Per specification, it looks for the first NON-CONTINUATION reply code,
however, this code is buggy and shouldn't be included in your test.  It
only looks for hard coded "250" values and it only supports 1 extra
multiple line from what I can see.  This would be the least of its
problems.  Throw this one out.

We're both wrong on this one. The state machine of hMailServer *skips*
over *all* continuation lines. It then uses the reply code in the *last*
response line.

This code was little harder to follow on whether it skipped all continuation lines.


qmail uses the *first* code.

Yes it does - but it should noted it is doesn't care for continuation
lines which is obvious broken code and n violation of the formal
reply-code[sp] specification.

unsigned long smtpcode()
{
  unsigned char ch;
  unsigned long code;

  if (!stralloc_copys(&smtptext,"")) temp_nomem();

  get(&ch); code = ch - '0';
  get(&ch); code = code * 10 + (ch - '0');
  get(&ch); code = code * 10 + (ch - '0');
  for (;;) {
    get(&ch);
    if (ch != '-') break;   <---------- BREAK ON NON-DASH
    while (ch != '\n') get(&ch);
    get(&ch);
    get(&ch);
    get(&ch);
  }
  while (ch != '\n') get(&ch);

  return code;  <--- return first code -- BROKEN CODE!
}

It simply isn't following specs.  Do you wish to encourage this behavior?

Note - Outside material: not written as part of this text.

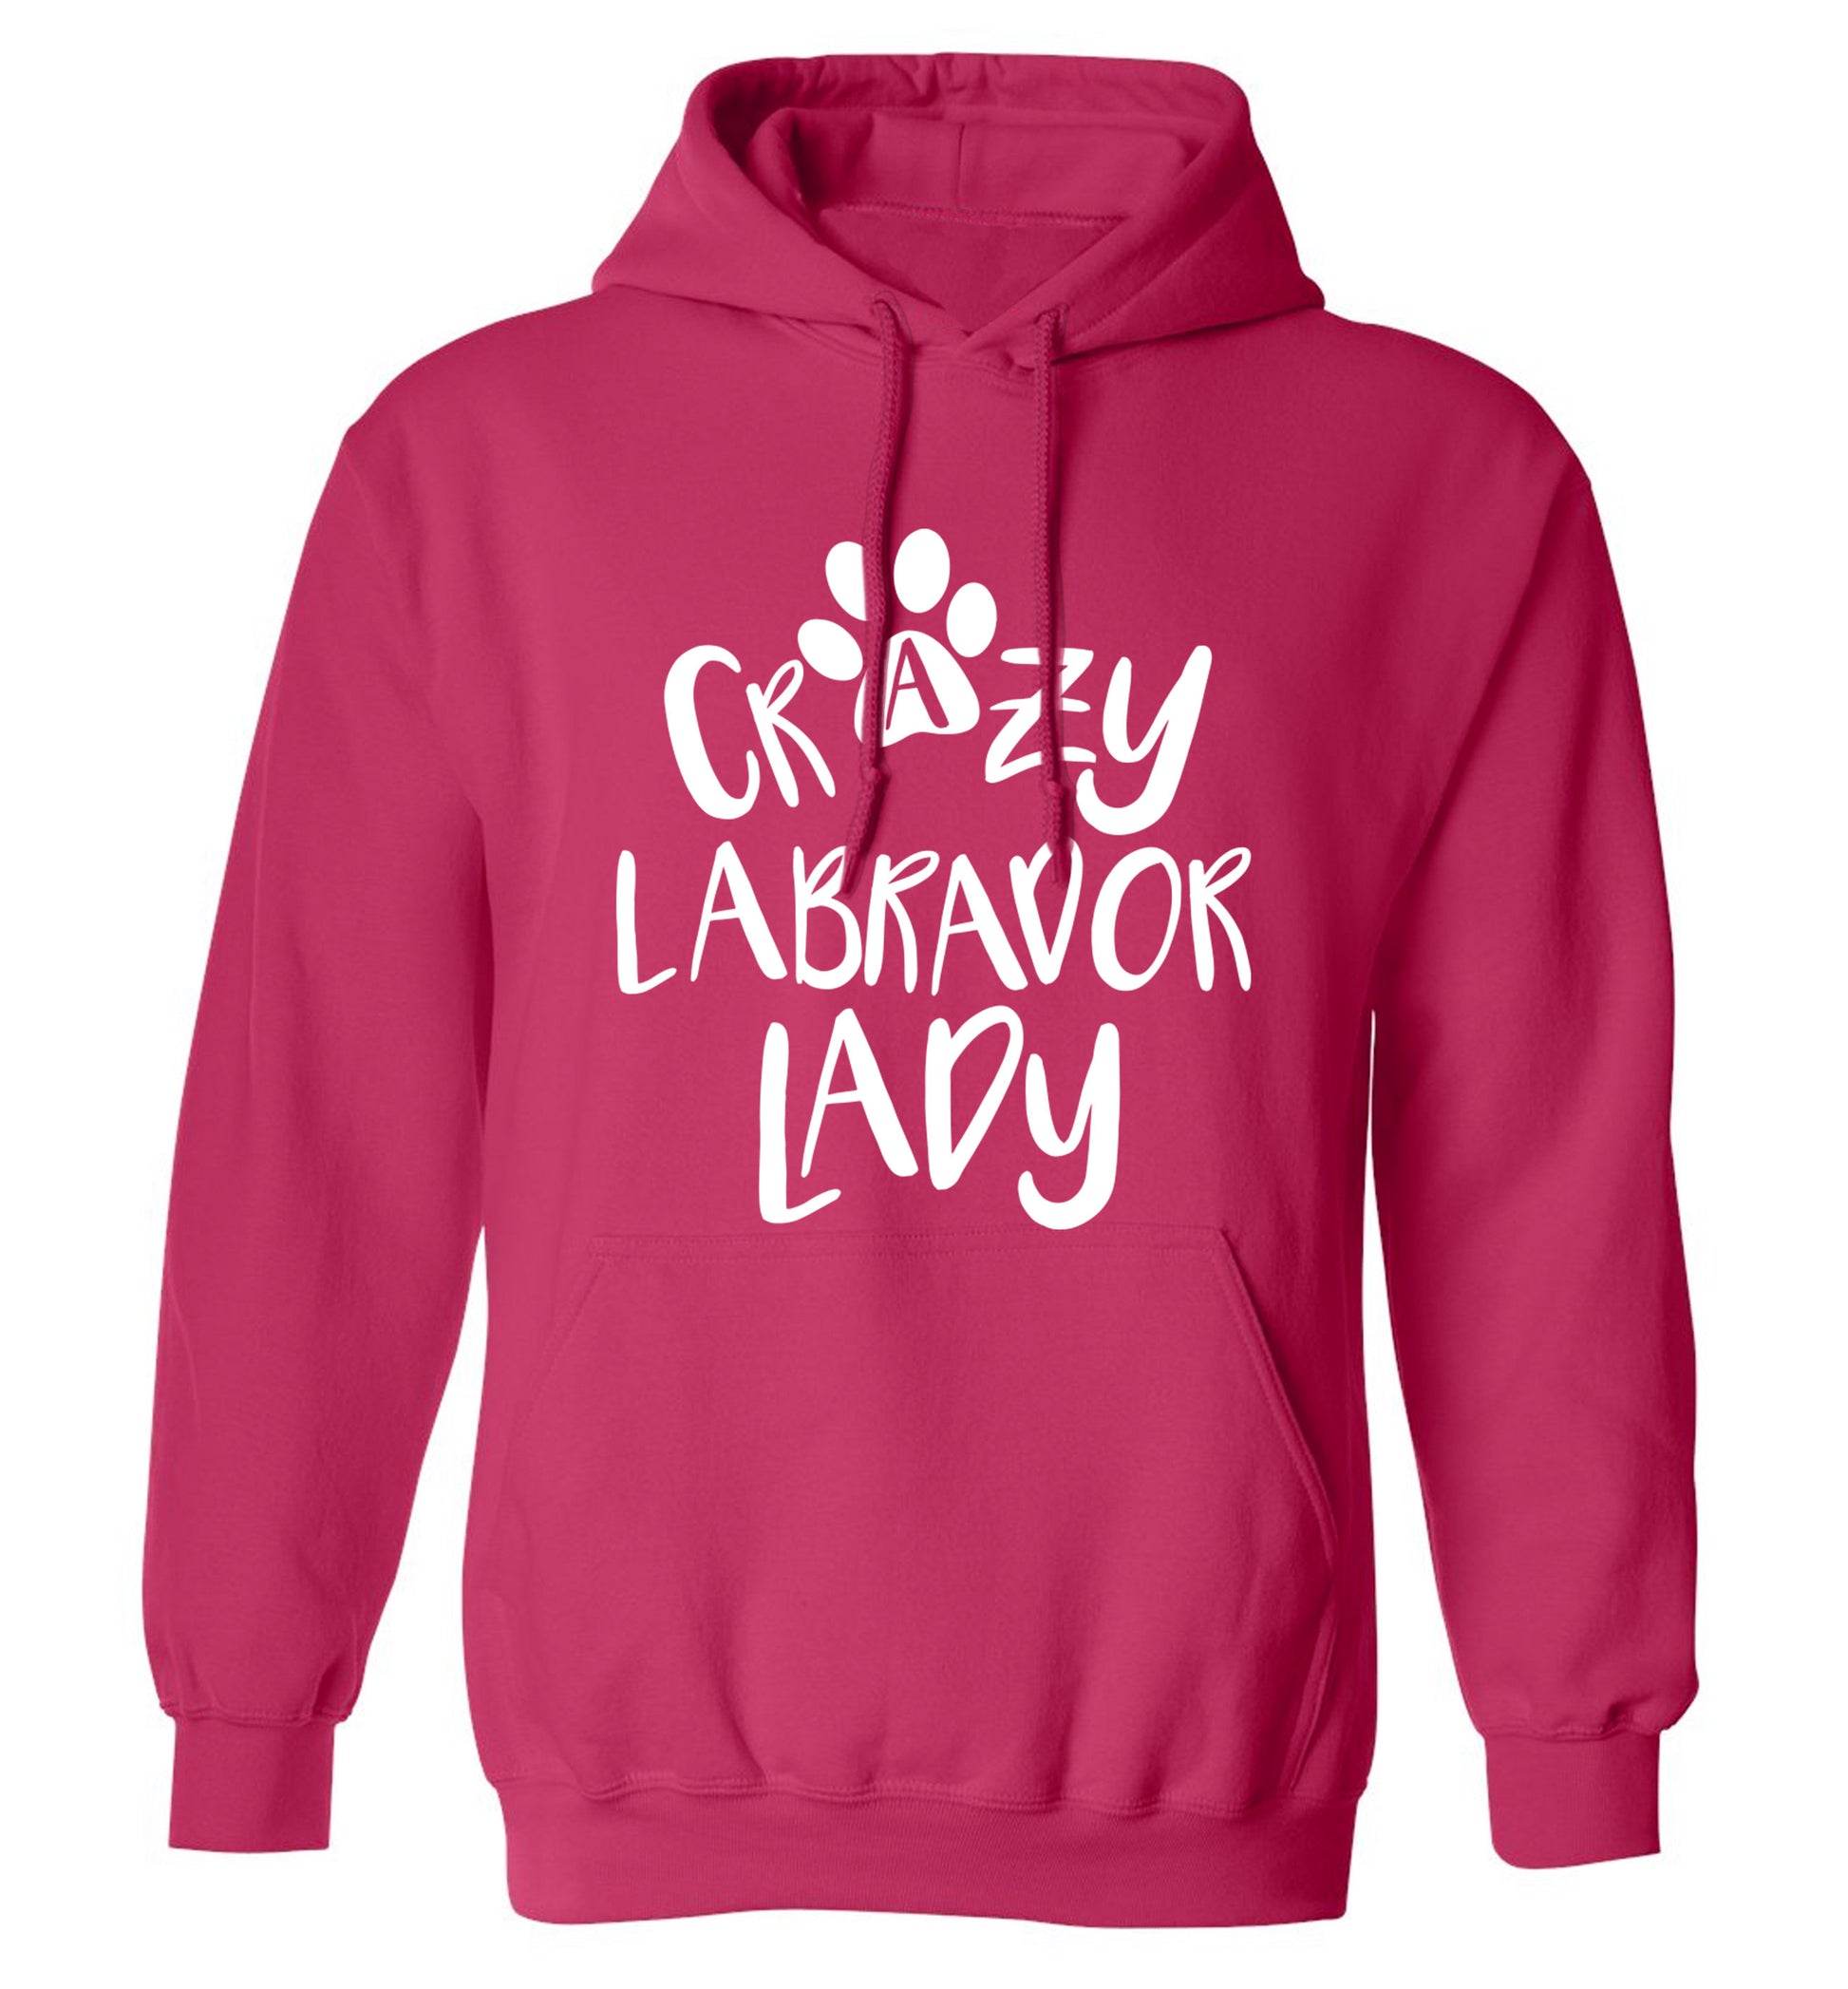 Crazy labrador lady adults unisex pink hoodie 2XL

Excuse me: It's looping over all continuation lines, stopping on the
first non-continuation line, and then returning the code for those
response lines.

Right, I was agreeing with you. You said above it was using the first code which you were correct. It only parses the first 3 digits in the buffer, but continues to read/dump, breaking until the 4th digit is no longer a "dash".

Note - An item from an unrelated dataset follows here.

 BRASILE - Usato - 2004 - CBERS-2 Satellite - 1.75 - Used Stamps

That is definitely following the spec that we've been arguing over. Yes,
it takes a couple of short cuts, only looking for the dash to decide if
it should continue or not and ignoring bad input lines that don't have
either a space or dash in the 4th character of the line, but otherwise
it's following the use-first-code interpretation of the specs.

Hmmmmm, based on the code above, it is parsing the first 3 digits as numeric, then begins a loop

  loop:
     - read 4th
     - compare with dash, break if not dash
     - filter LF
     - read 3 characters (with a presumption they are digits)

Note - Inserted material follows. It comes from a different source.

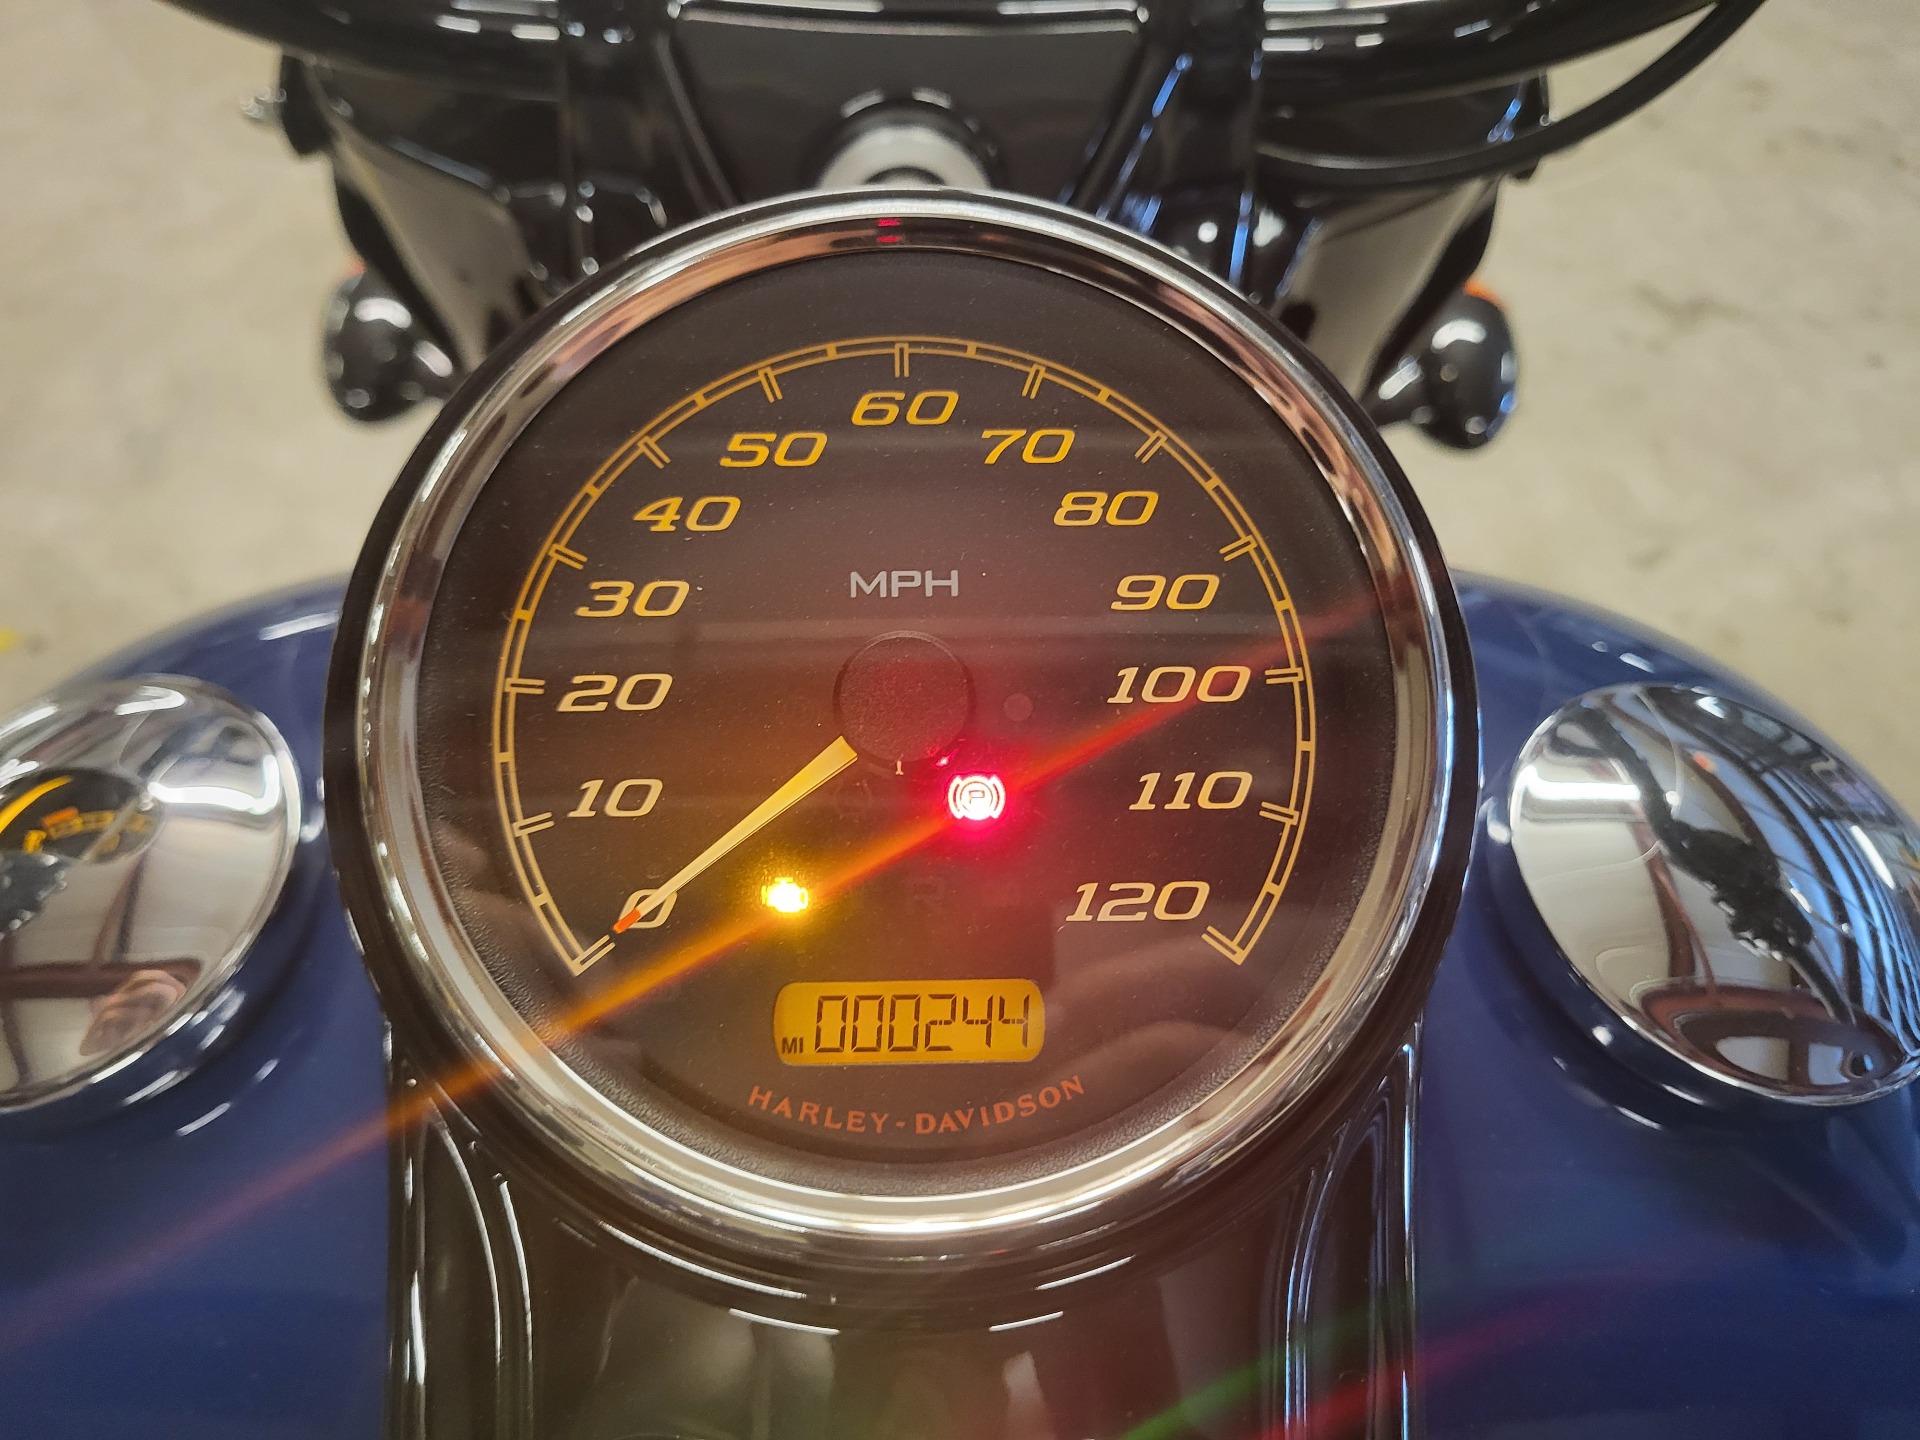 2023 Harley-Davidson Freewheeler® in Mentor, Ohio - Photo 2

but it returns the first converted number for 3 digits in the buffer, thus ignoring the fact that the first line may be a continuation.

Broken per x821?  Compliant under 2821bis?

As I said above, your analysis of both Exim and qmail is flawed; my
conclusions on those remains.

Corrected on Exim. Qmail is broken. But it really doesn't matter any more, the decision was made to endorse the broken behavior.

My conclusions stand: there is code out there that is in popular use
that will BREAK if the reply code on the first continuation line is
different from the final non-continuation line.

Thats a given.  So they are BROKEN per x821 specs.

Part of the rules we are following for moving to draft standard is that
we MUST look at how current code has interpreted the proposed standard.

Which is the premise I used to begin this entire issue. Lets make them compliant now in 2821bis. That should give a few people a pat on the back.

A MUST will support and codify current behavior.  A SHOULD will not and
can not.

I disagree with your logic but thats ok. Enough nerves were touch here with broken BIG software that it is more important to make them compliant and endorse future similar behavior by virtue of the new draft.

Therefore a MUST is necessary to move 2821bis to draft standard.

So does that mean the ABNF will change? You are endorsing broken behavior and future designs to ignore continuation lines as unnecessary other than to terminate a response. Only the first 3 digits in the received buffer is important.